I could smell the smoke in the air the second I stepped off the plane. Wildfires in the hills nearby, I’d heard, and the wind had shifted the direction of Missoula. But soon, heavy rain came in, and I found myself driving in my rented car toward my rented room with the windshield wipers on full speed.
I was staying in the basement of a home that had a backyard full of chickens. When I entered the small room where I’d be sleeping, I killed a giant spider first thing, with a hastily grabbed paper towel, and I watched it kick its legs for dear life as it flushed away.
I found a trendy little coffee shop full of hipster students, all plaid and beards and nose rings, and I did some writing, tapping into a story from my adolescence, one about not knowing how to receive. But my mind kept wandering. My entire married life had been just hours from here to the west, just a few hundred miles. I’d passed through Missoula a dozen times without ever spending time here. A quick Google search of the town revealed that no historian was quite sure where the name of the city originated from, that the city boasted over a hundred thousand people and was the second largest in Montana, and that there were two universities and a decent acceptance of the LGBT population here.
Back on the road, back in the rain, I drove north, passing through the city and turning onto a state highway. The clouds clinger to the hills here, soft rolling white against the deep thick evergreen rows, all against the grey sky. It took my breath. The rain washed out all of the smoke and the land felt new. I drove through small towns, one that boasted it’s wide diameter trees on the welcome sign, and soon arrived at a bar-and-grill in the middle of nowhere.
I stepped inside and found everything made of wood, tables and chairs and walls and bar and decor. A few old cowboys in ten-gallon hats and boots sat at the bar with drinks in hands and three 30-something plump women in tight T-shirts and jeans waited behind it. I took a table in the corner, somewhere private, and set out my laptop and a pad of paper.

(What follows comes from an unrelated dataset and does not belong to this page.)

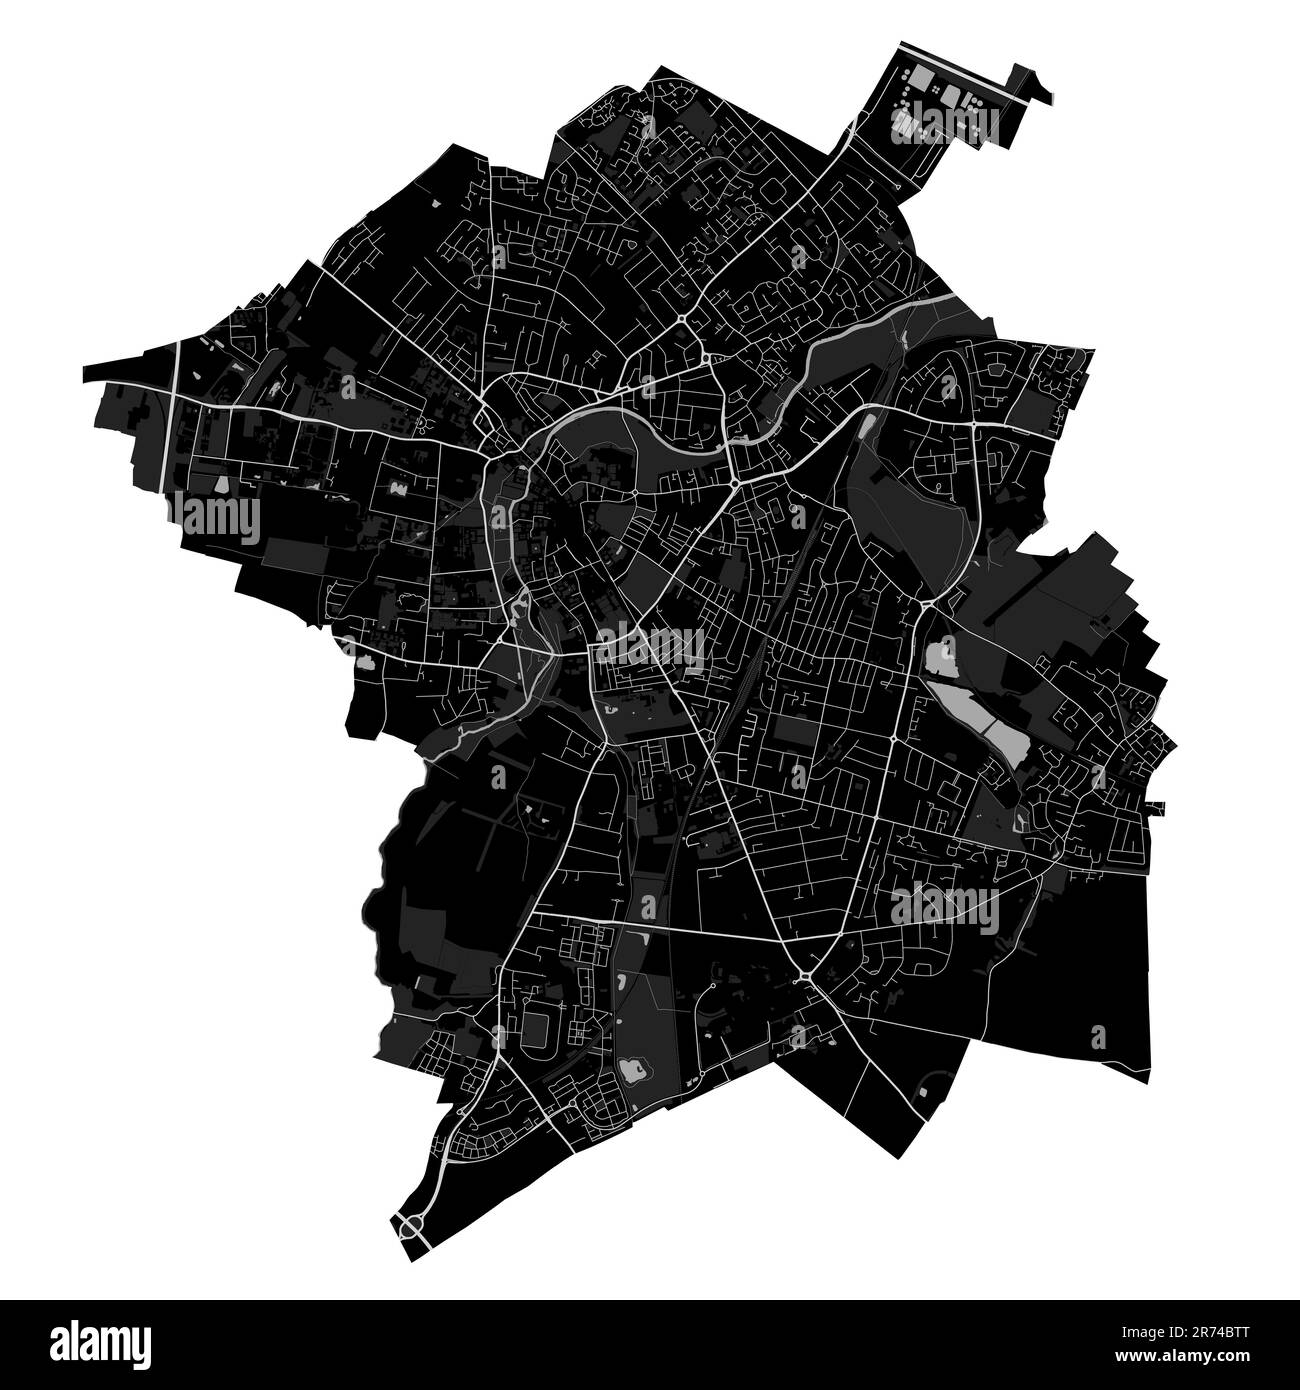 Mappa nera della città di Cambridge, Inghilterra, Regno Unito. Mappa amministrativa dettagliata con strade e ferrovie, parchi e fiumi. Confini della città. Illustrazione Vettoriale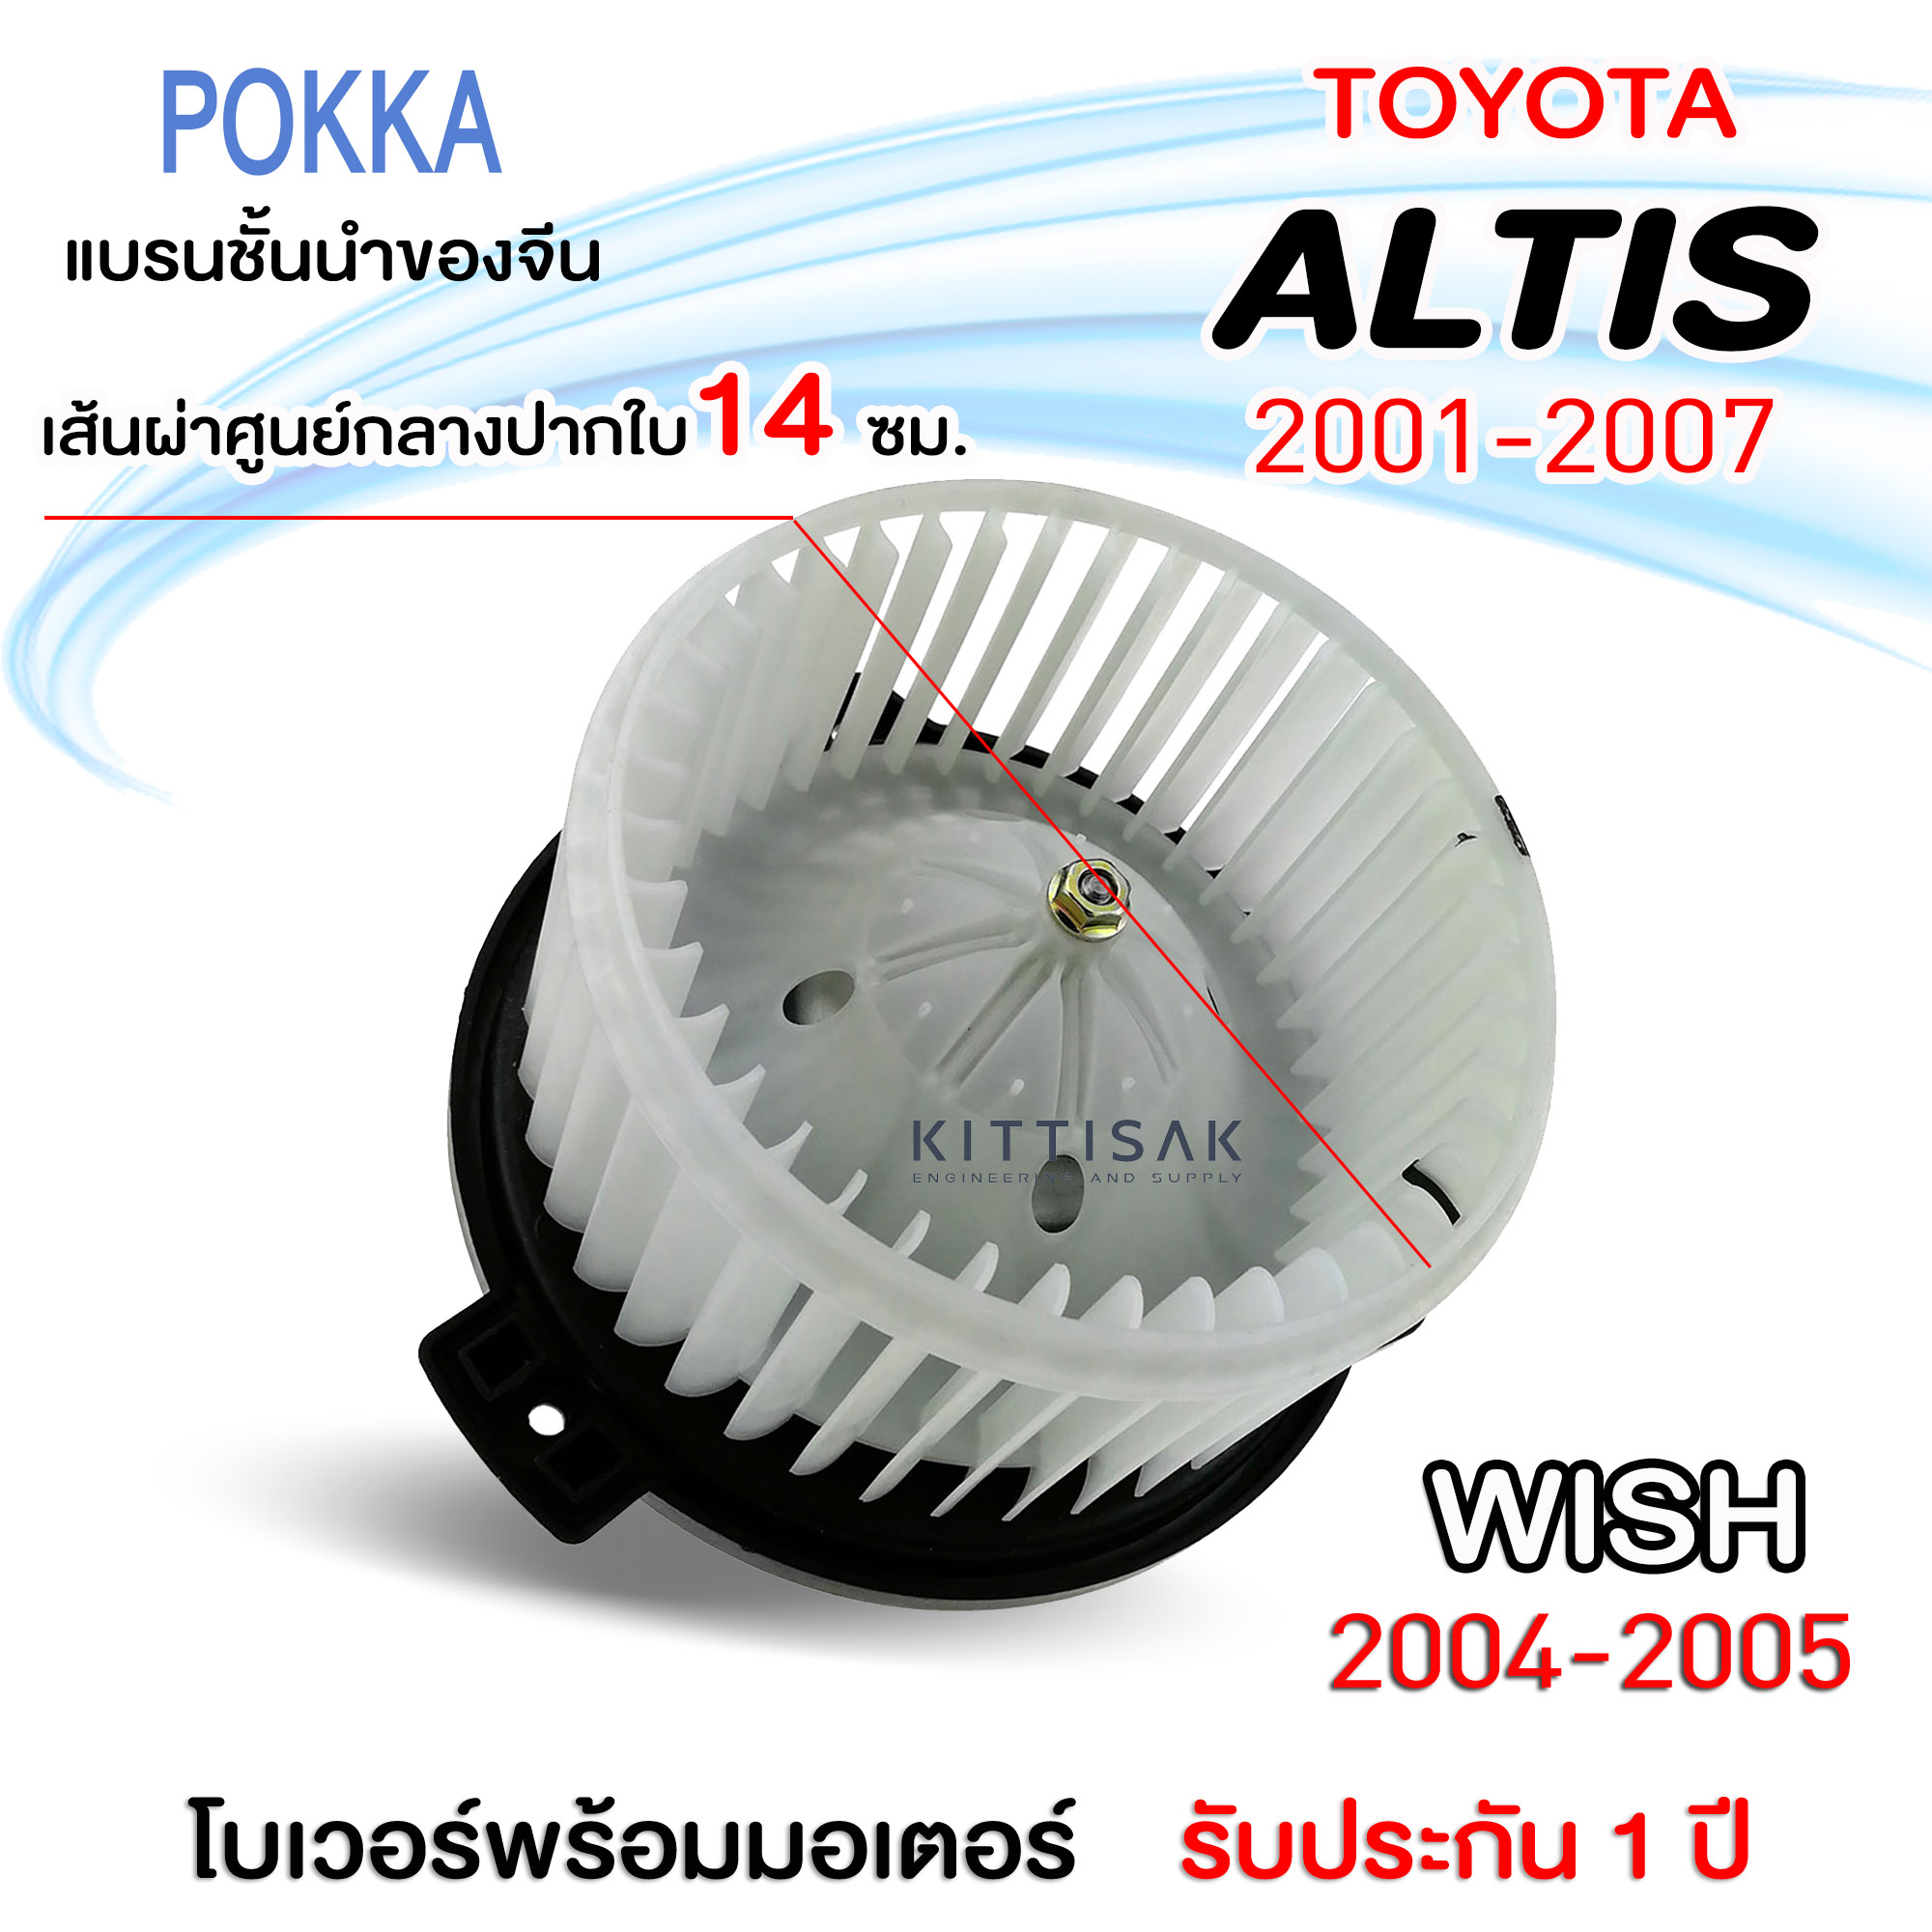 โบเวอร์แอร์ Toyota Altis ปี 2001-2007 Wish 2004-2005 โตโยต้า อัลติส ปี 01-07 วิช ปี 04-05 โบลเวอร์แอร์ โบว์เวอร์แอร์ พัดลมแอร์ โบเวอร์

I moved back to the restroom where a sign hung over the urinals.
“PLEASE
Don’t write or Carve on walls
Or
Spit Chewing Tabaco in the
urinals, it plugs them up.
Thanks…”
I laughed out loud with delight at the sign, so perfect and characteristic. It captured the ambiance of the place better than anything else. I wondered if they meant Tobacco or Tabasco, with a grin, and thought that these things must be actual problems in this establishment to warrant an actual laminated sign.
Back at the table, the waitress, who had a name tag that read “Mayzie” delivered a menu and a glass of water, then told me about the beers they had on tap. I had some light conversation with her and learned she was a mother of four, and I noticed that she didn’t have a ring on her finger, leaving me assuming that she was a single mom.
My eyes scanned over the menu, where everything seemed to be either alcohol or some beef product, with many variations on steaks and burgers in every form. Steak salad, patty melt, twelve different burger options, steak and potatoes, steak and coleslaw, steak and corn. I saw one item on the menu called the Vegetarian, that replaced a beef patty with a portobello mushroom cap, so I ordered that with a side of slaw. Mayzie seemed disappointed, but jotted the order down. A moment later she returned.
“Oh, I forgot. We are all out of mushroom caps. Almost no one orders that. But what we could do is chop up a bunch of little mushrooms and just put them in a sandwich?”
I laughed, un-enthusiastically, and accepted her offer. The sandwich came out thirty minutes later on toasted bread, and it was strictly mediocre, but I was hungry and consumed it quickly.
By then, I was deep into the interview that had brought me this direction in the first place. I was talking with a woman connected to a thirty year old homicide in Utah, a story I was working hard to make a documentary about. It had taken me months to earn her trust, and she was now openly discussing this ancient history that had taken place when she was only 21. She talked freely about her life, even the hard parts, and about the impact of the homicide on her family and path. She talked about the different directions life could have taken her with a mix of pain and clarity, and shed tears as she talked about it.
When I drove home, the skies had cleared, and I wound the same highway curves in the dark. I arrived back at my rented room and did a scan for spiders as I turned the lights on. I showered, then wrapped myself in the covers on the bed for warmth. Outside was silent. No cars, no electric buzzes, no chickens. My brain was struggling to stay awake, buzzing with the experiences of the day and all the new information I’d gathered, but the body won out and soon i settled into sleep, leaving the brain to work out its obsessions with bizarre dreams that flooded my consciousness.
Hours later, the rooster outside crowed, and I brewed coffee, rushing to my keyboard to capture my thoughts.